- [SOURCE MATERIAL]
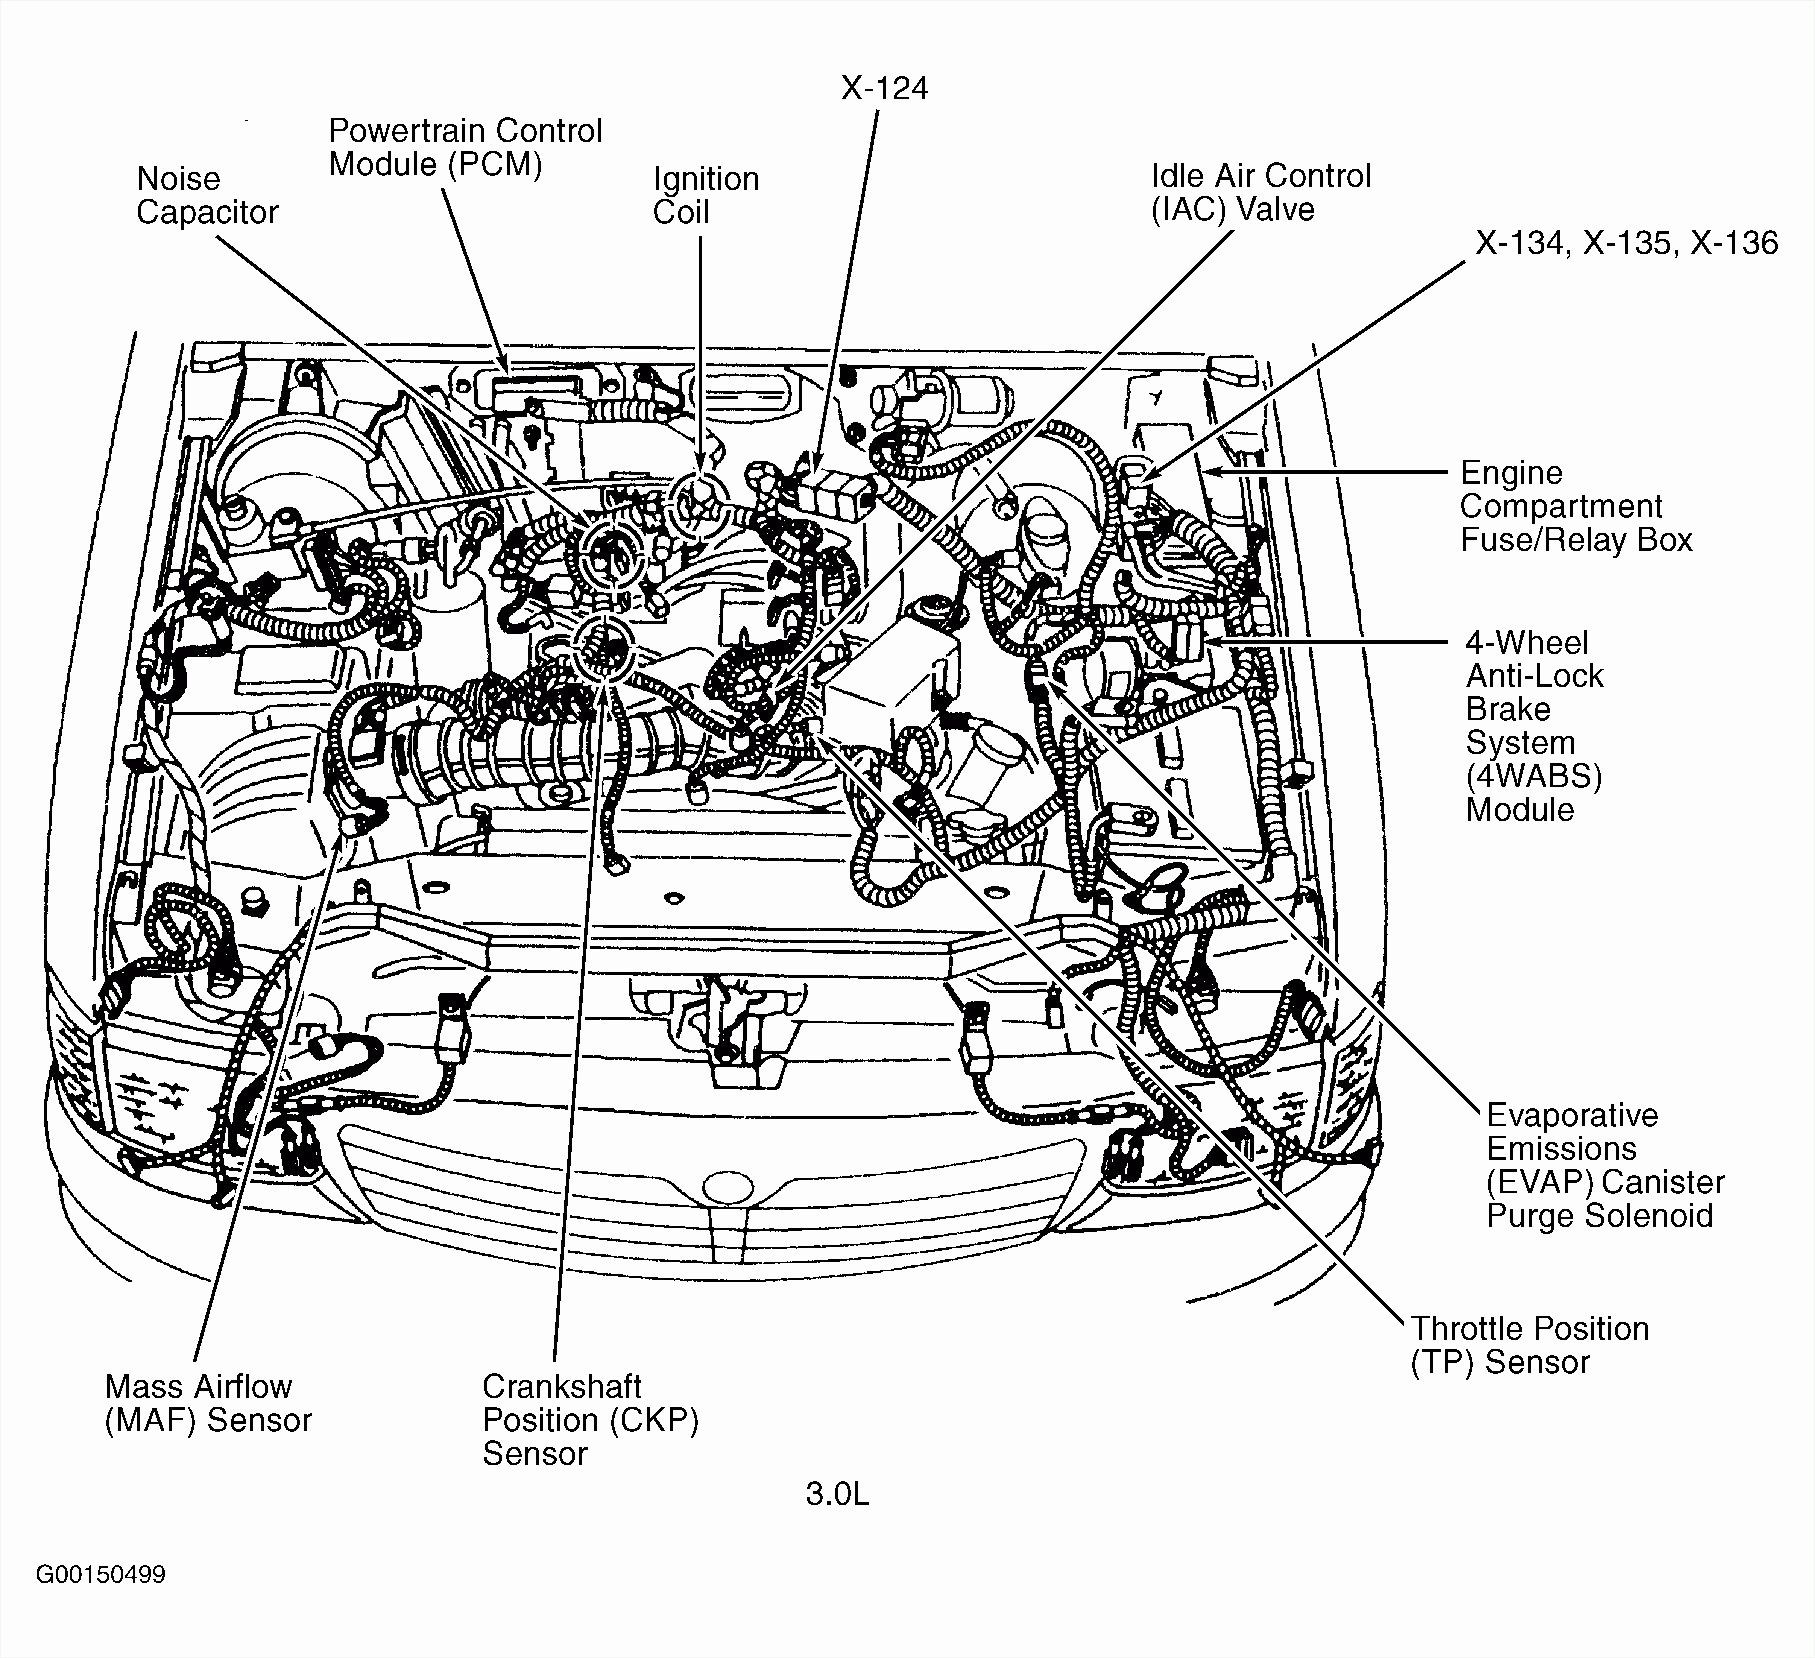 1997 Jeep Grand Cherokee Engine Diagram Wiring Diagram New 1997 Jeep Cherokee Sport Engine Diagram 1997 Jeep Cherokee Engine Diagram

--

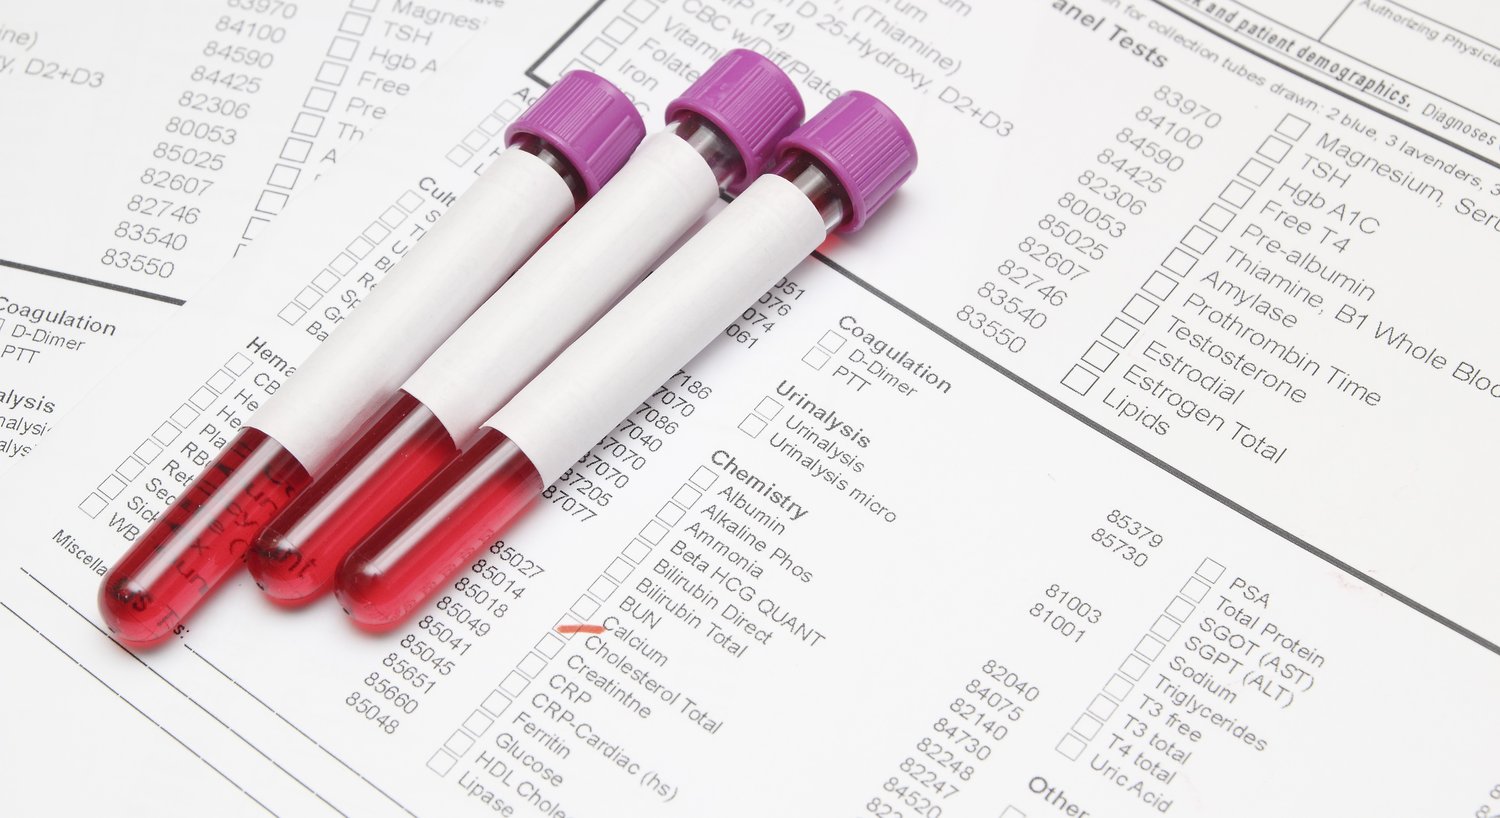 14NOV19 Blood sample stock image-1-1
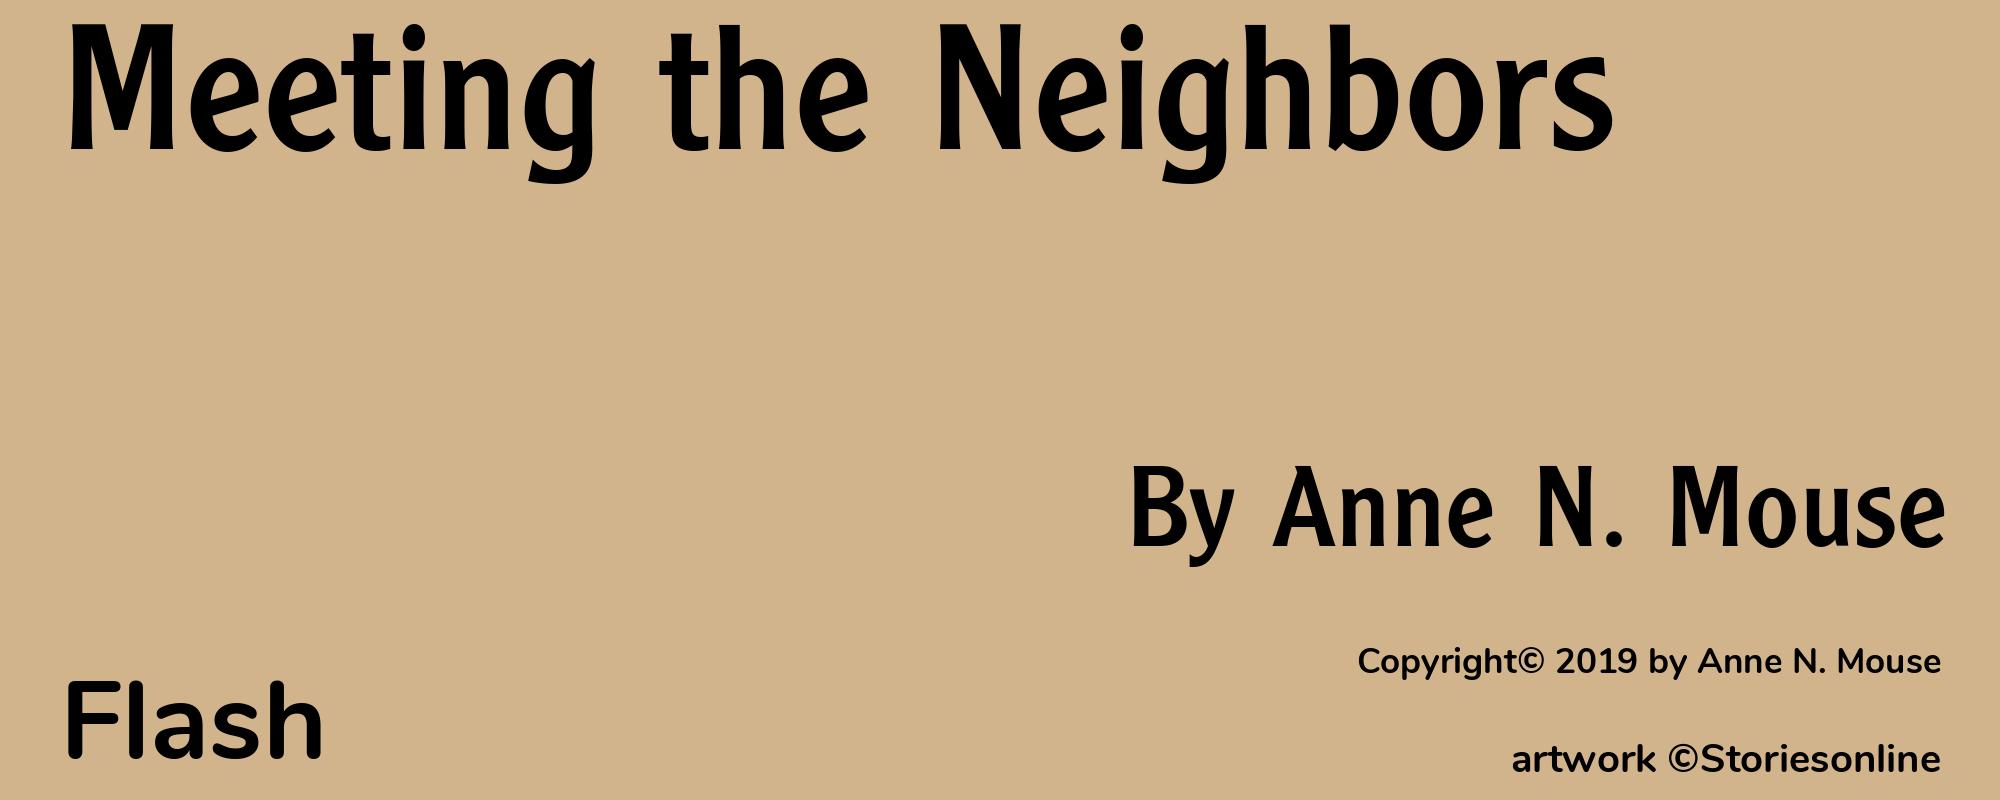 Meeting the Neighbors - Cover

---

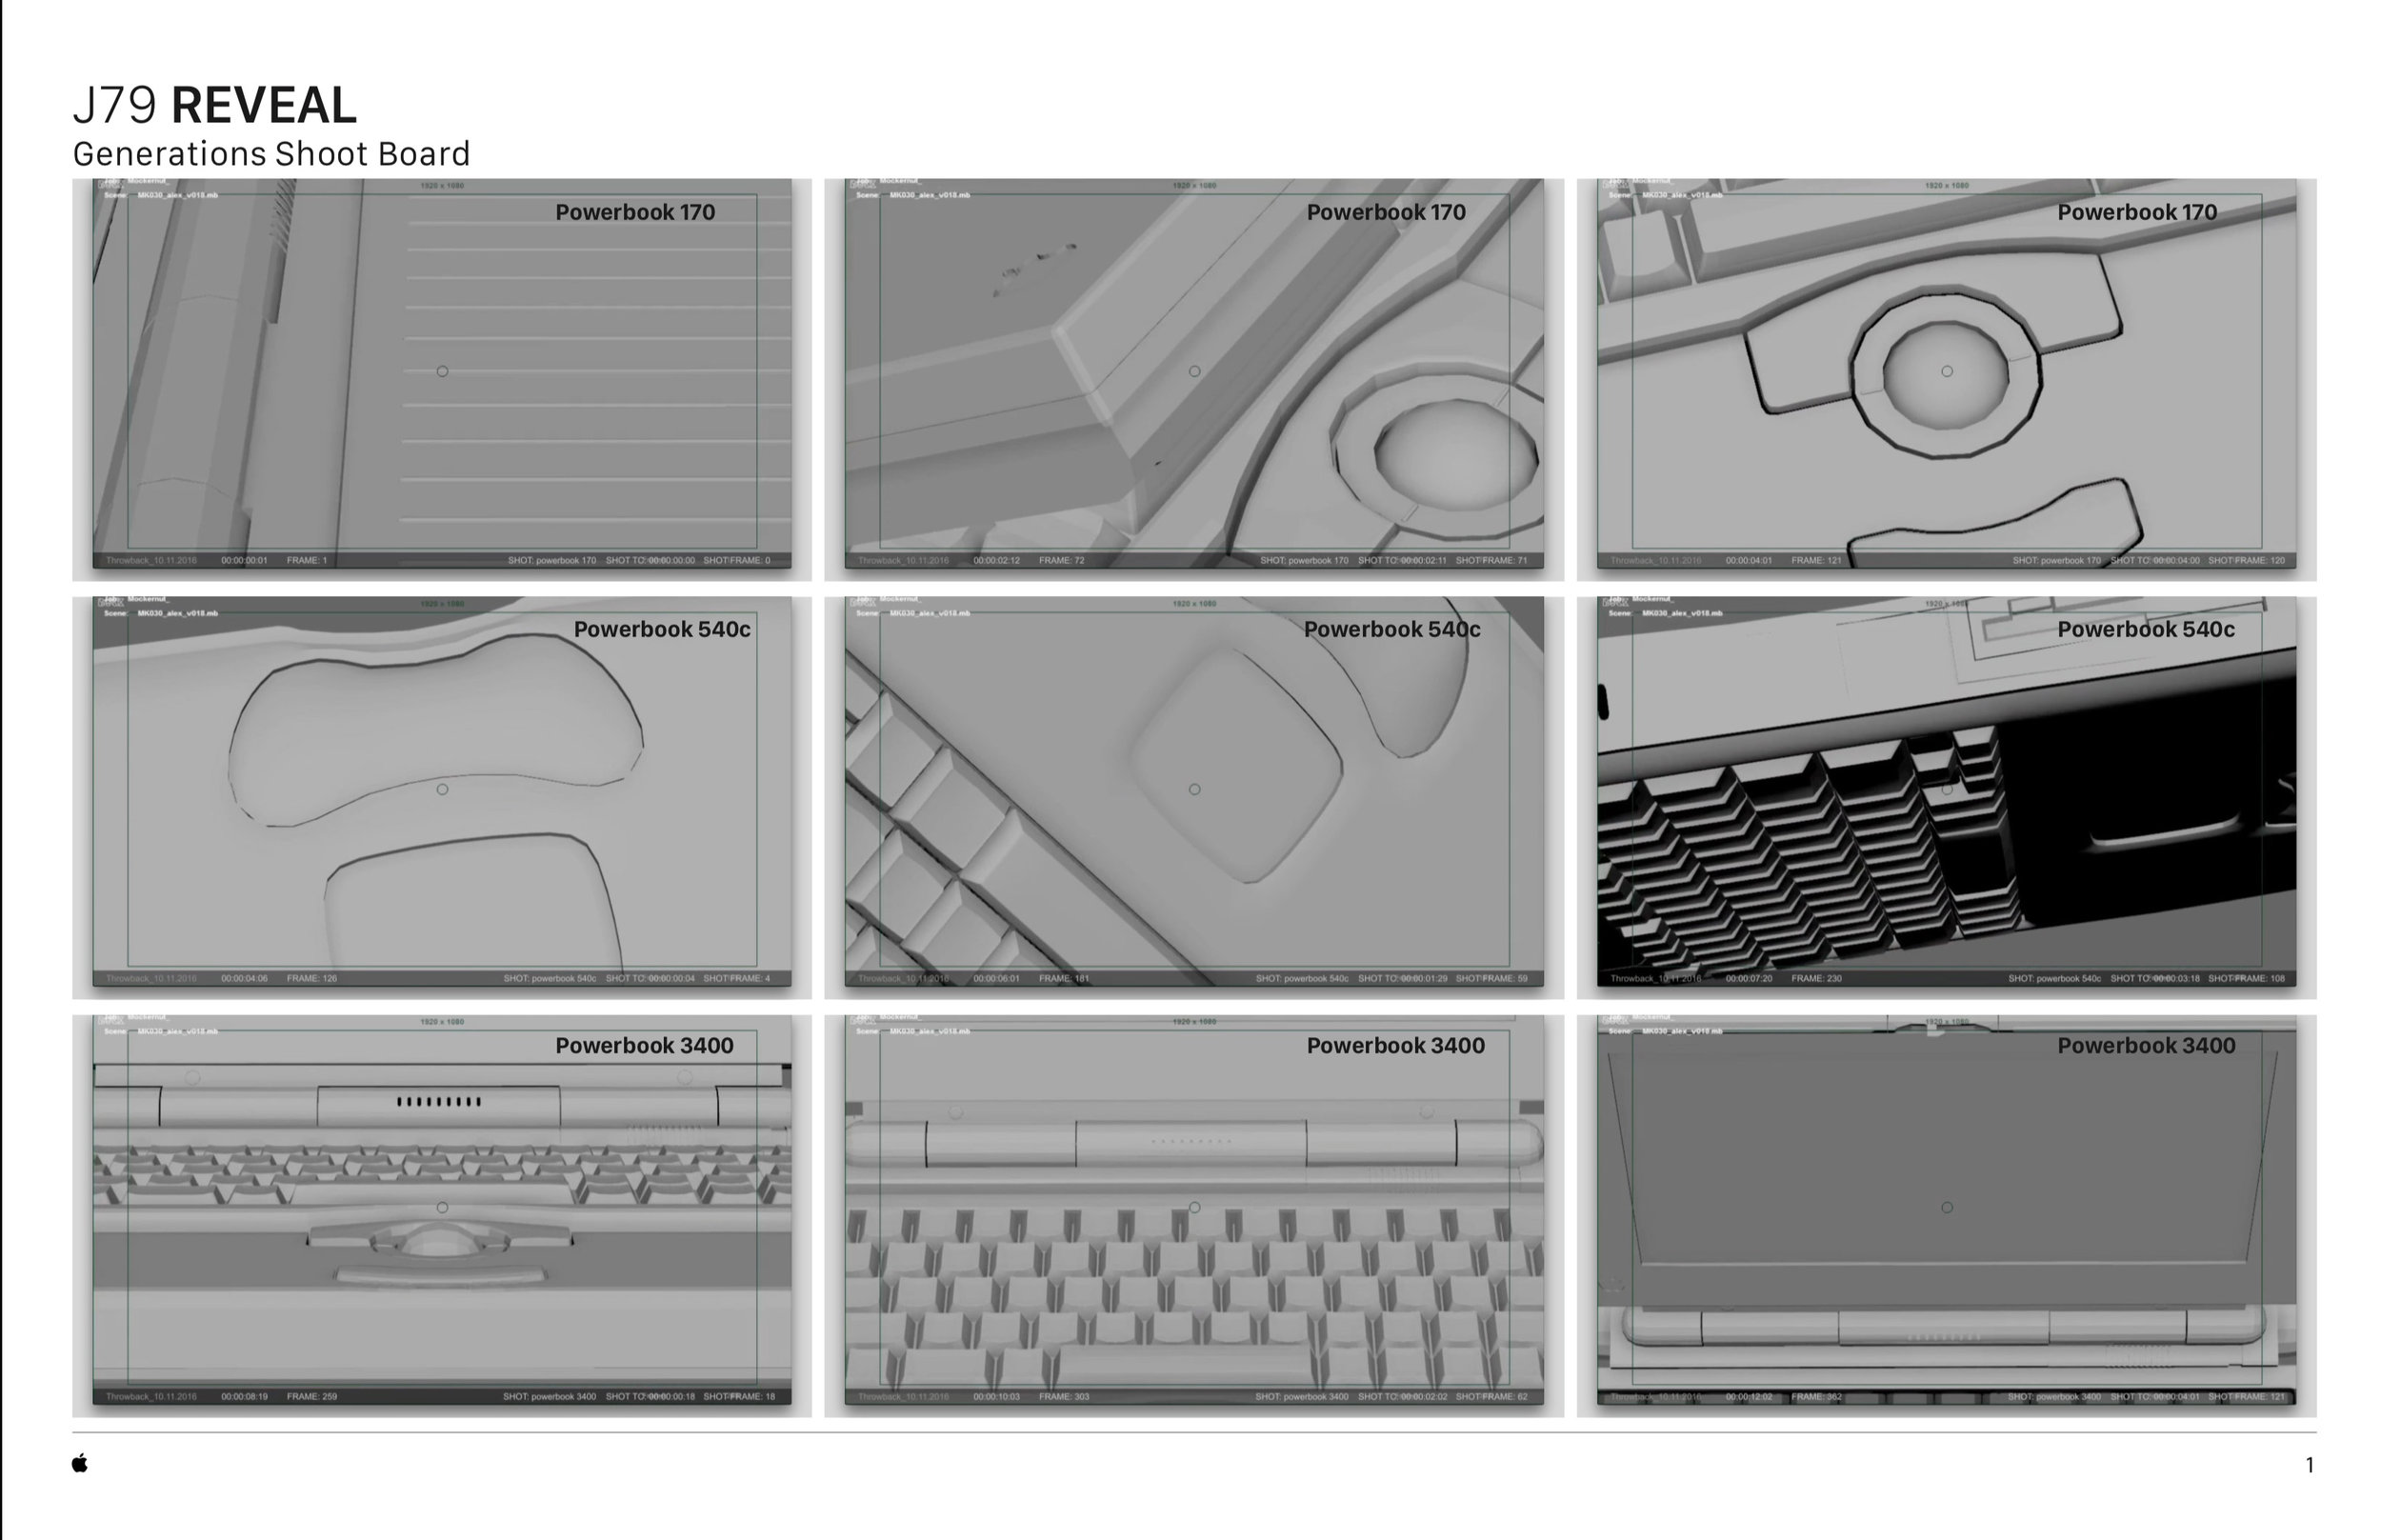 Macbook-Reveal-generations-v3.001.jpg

- [TRY IT]
Only the lines starting at the one that includes "14NOV19 Blood sample stock image-1-1" and ending at the one that includes "Meeting the Neighbors - Cover" should be retyped, exactly, from the records above; no pictures.

- [SOLUTION]
 14NOV19 Blood sample stock image-1-1
 Meeting the Neighbors - Cover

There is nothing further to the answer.